@saghm 4d
I like to call this the "YZ answer"; I'm asking Y, which is the actual question I have, but someone else tries to convince me that my "real" question is "Z" because they happen to know the answer to that.

Tangentially related, but does anyone else besides me have an irrationally strong dislike of the name "XY problem" for this phenomenon? I feel like that name could apply equally well to basically any problem where you have two things you could call "X and Y", which is...a lot of problems. Why not call this something like the "mistaken question" problem or the "incorrect premise" problem?

@matsemann 4d
I'm sorry, but if people often do this to you, maybe reflect on them actually being right? Or that you're legitimately asking a stupid question given your self-proclaimed lack of expertise?

People don't answer that way to be smug or so. They do it because the thankless person they're spending their own free time helping will just come back with a new asinine question the moment one answers their posed question. It's from experience after helping thousands of people, not pettiness.

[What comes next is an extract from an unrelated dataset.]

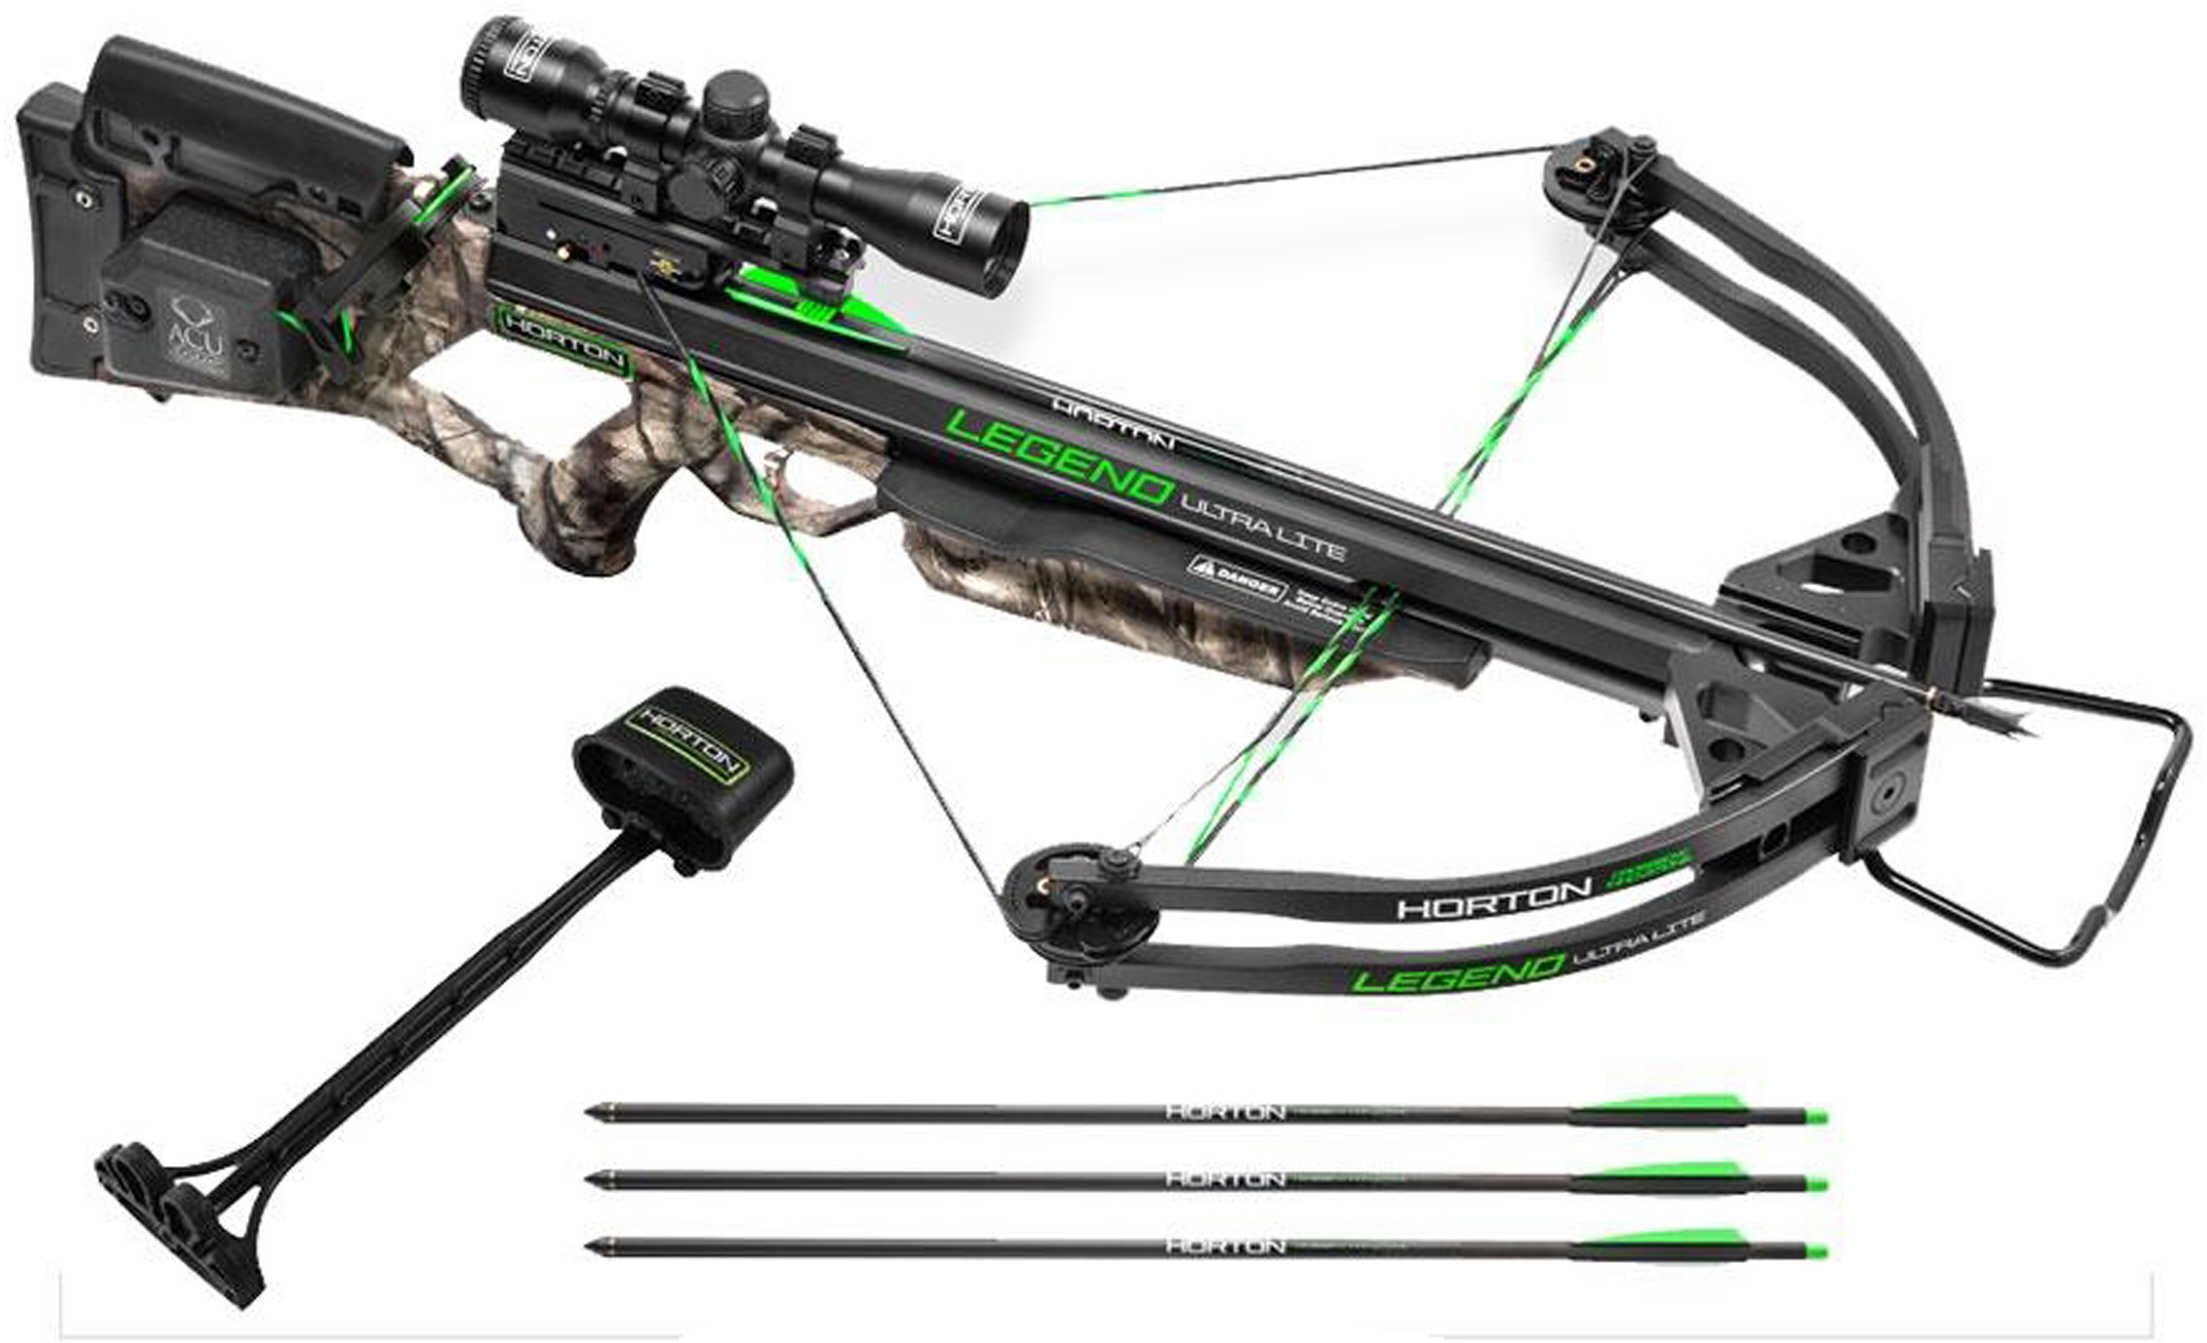 Horton Legend Ultra-Lite Package With 3x Pro Vioew Scope, Arrows/Quiver, ACudraw, Mossy Oak Md: NH15050-752

If perhaps you're the one in a million case where this isn't applicable, just add the context, then. Don't be angry about having to do it, that's quite entitled given that you're asking people to solve your problem for free..

@resonious 4d
Yeah the whole premise of the "XY" problem seems like it was written up by someone who regulars Stack Overflow. It's pretty frustrating when the highest-upvotes answer to a question is "actually you don't want to do that. do something else instead".
@lelanthran 4d
Yeah, it's a false positive identification of the XY problem.

The audience falsely identifies your problem as an XY problem. This is, IME, due to the audience wanting to refactor the problem into something they can understand.

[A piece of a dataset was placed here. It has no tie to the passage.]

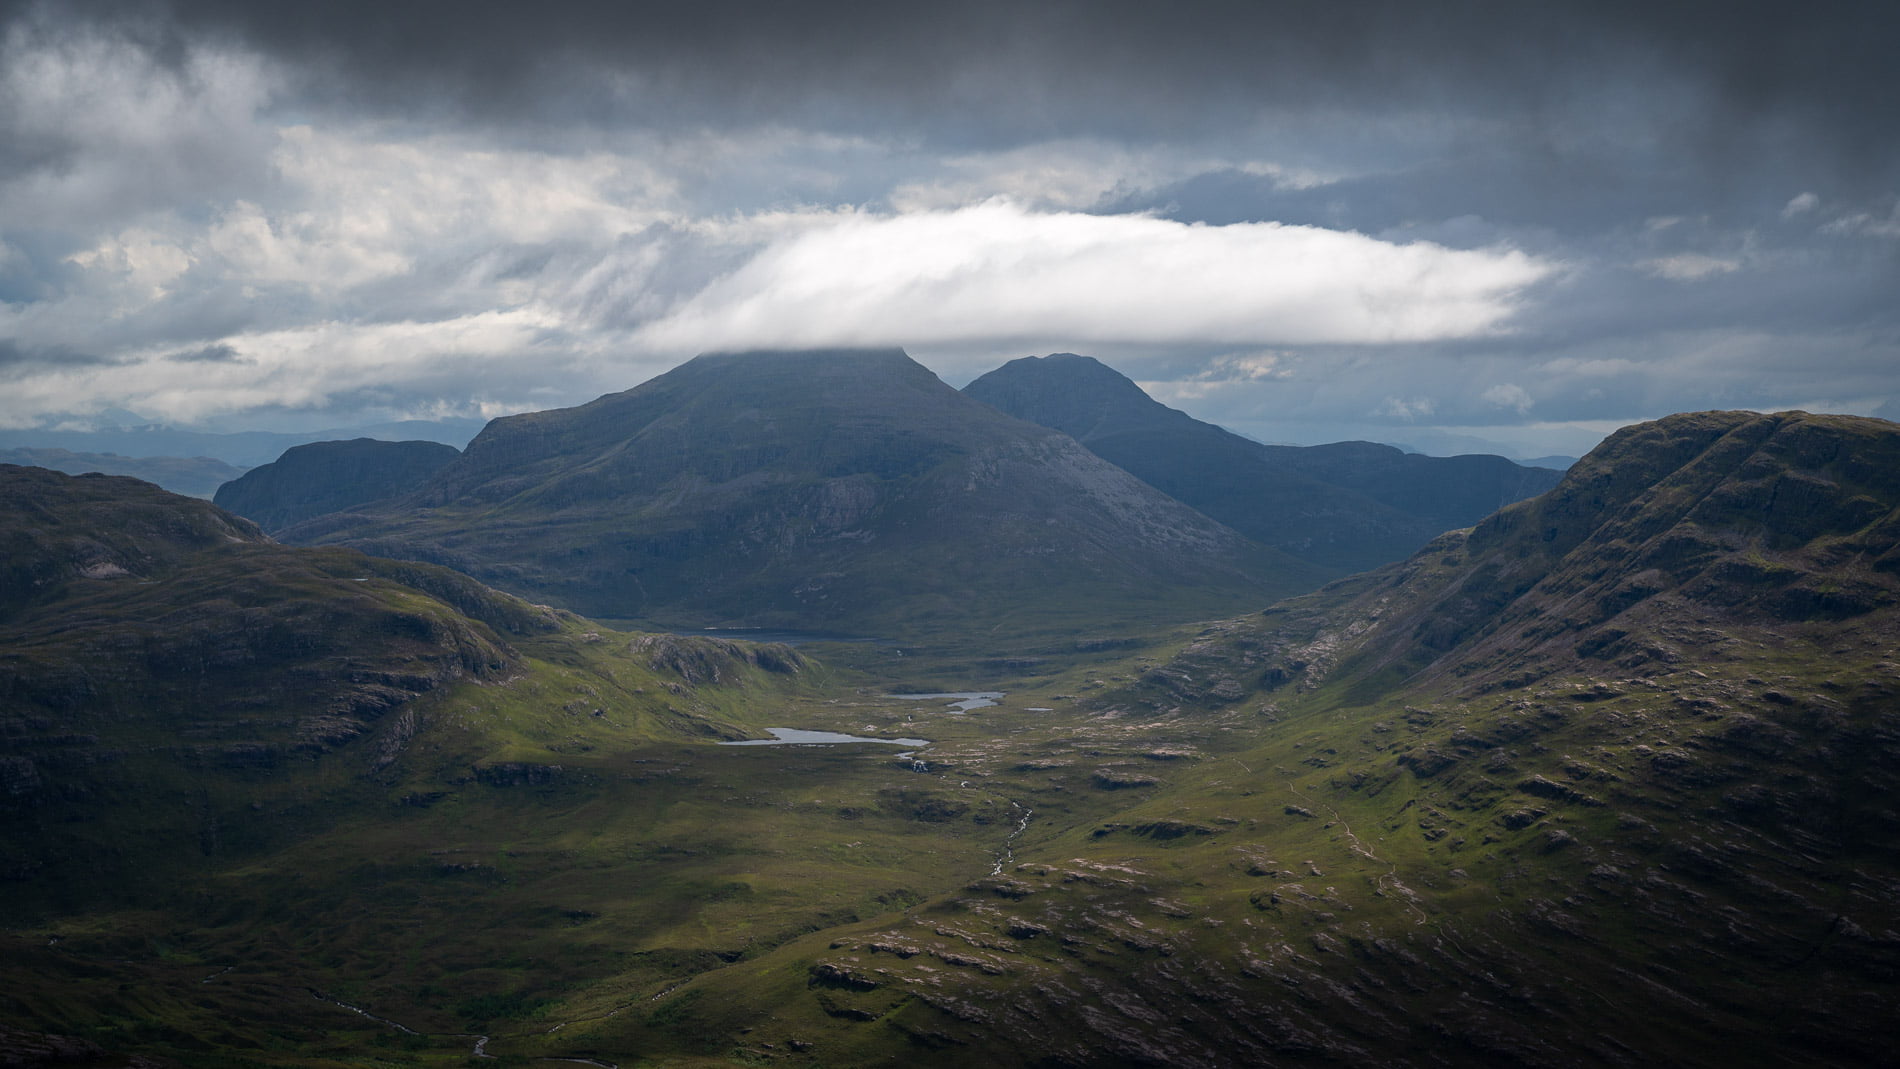 From Liathach

It's worse in JavaScript probl ms, where, due to the actual inability to do something simple like pause the runtime for 5s, the experts all spend tons of effort trying to convince you that there is no situation in which this is reasonable rather than simply say the runtime environment is too crippled to allow this.

It's nonsense of course.

@haswell 4d
I think this highlights that the usefulness of the XY problem framing will depend on context.

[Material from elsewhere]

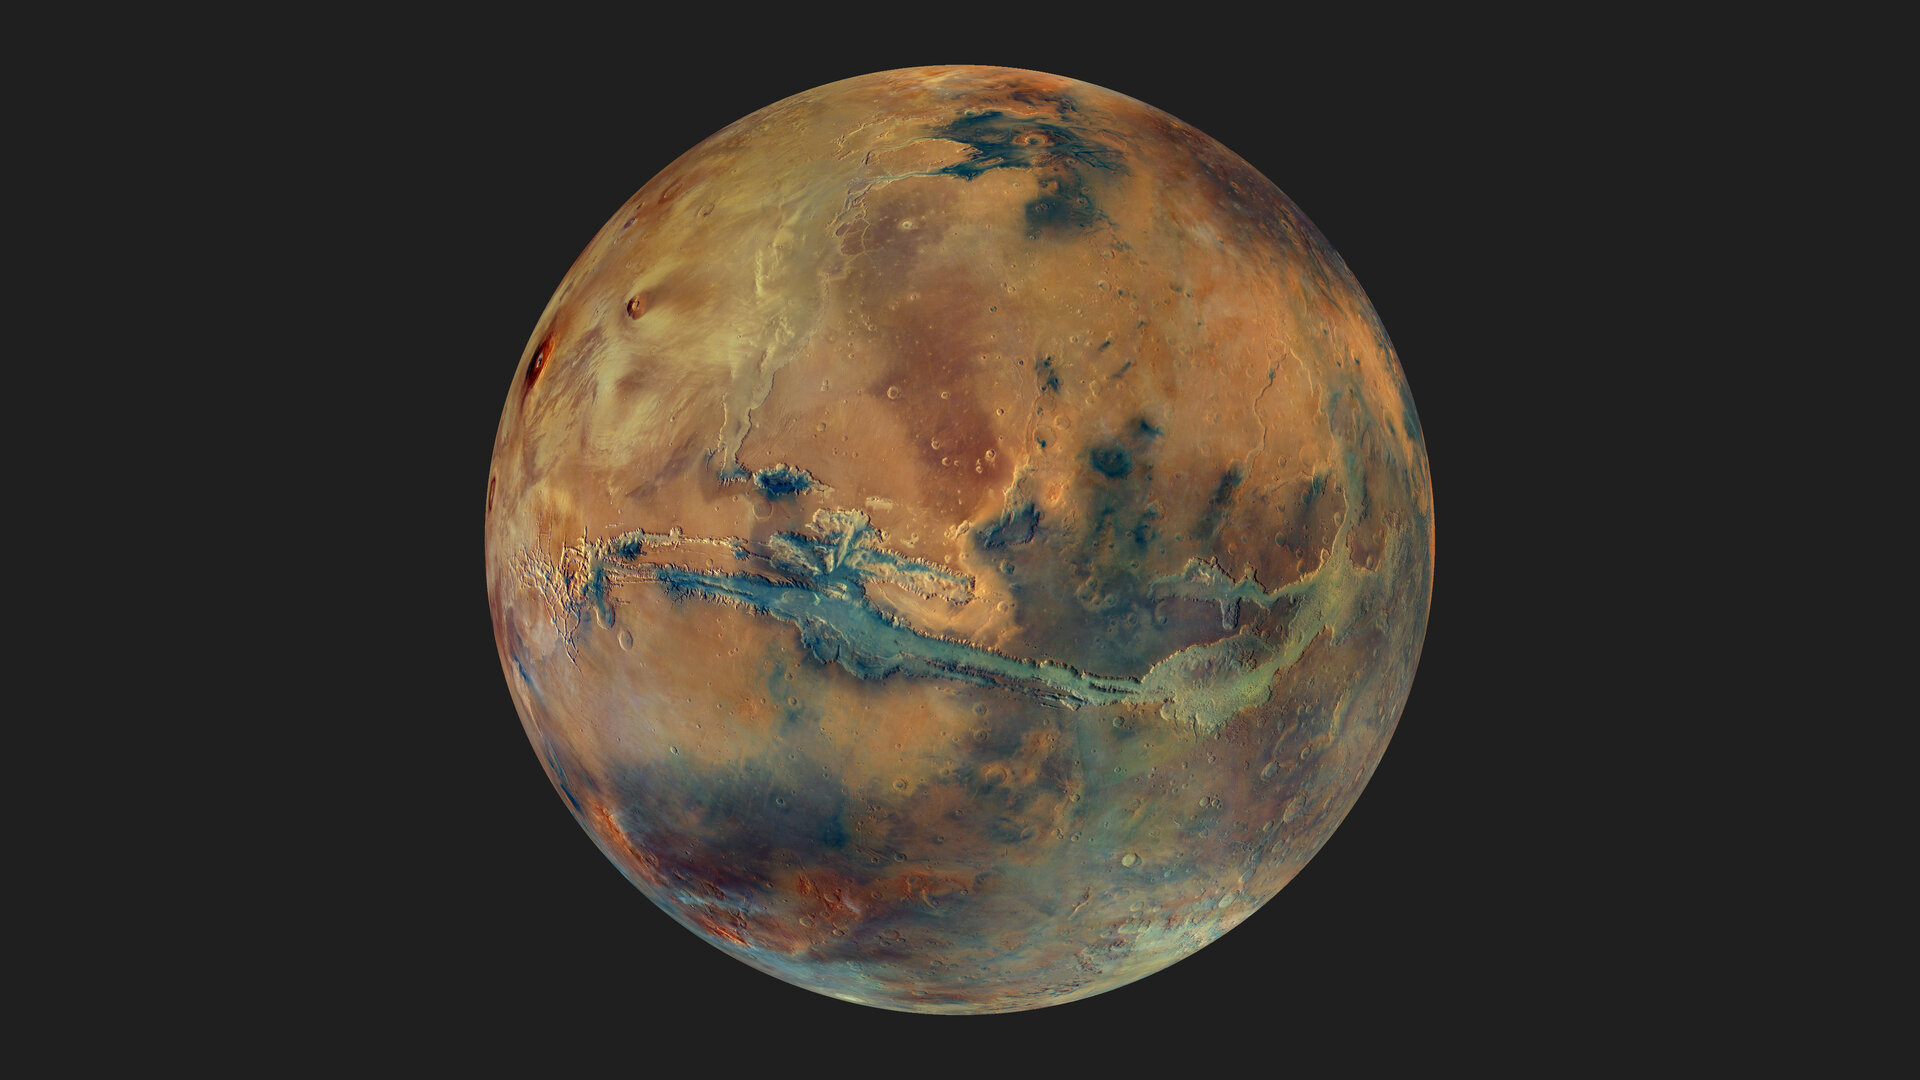 New evidence for an unexpected player in Earth’s multimillion-year climate cycles: the planet Mars

As a platform product manager working with customers (both internal and external/paying), the most important thing I can do is know with certainty what problem I’m trying to solve and why. Maybe it’s annoying right now, but it ensures we don’t spend 6 months building something that solves nothing. I can’t count the number of times someone asked for features instead of describing their problem and after returning to the problem it quickly became apparent that the feature ask was not the only path forward and probably not the best path forward.

In the context of engineers seeking help from other engineers, I can understand why this can quickly become something else.

As with all things, context matters. Don’t insist on understanding X to the nth degree just because you encountered xyproblem.info. But don’t assume that someone trying to understand X is just trying to assert their superiority.

@pyb 4d
Pretty much stopped asking any questions on web forums because of this. Some people tend to "XY" you whenever they don't immediately know the answer to a complex question.
@kelnos 4d
> Let’s just get on with the problem solving instead of playing the meta game.

I feel like a lot of things in tech have become --- for lack of a better word -- memes, that people trot out to make themselves appear smart. The XY Problem is one of them. Sometimes we have actually thoroughly explored our problem space and know what we need to do, just not how to do it! But someone else seems to think they're going to get Cleverness Points by uselessly derailing the discussion.

@thom 4d
Yeah it’s often like speaking to ChatGPT, you have to put in an enormous preamble saying “answer exactly what I’m asking, I promise I’ve thought about it, I know it’s weird”.
@FeepingCreature 4d
Also enraging: finding X answers for your YY problem on Google searches for Y.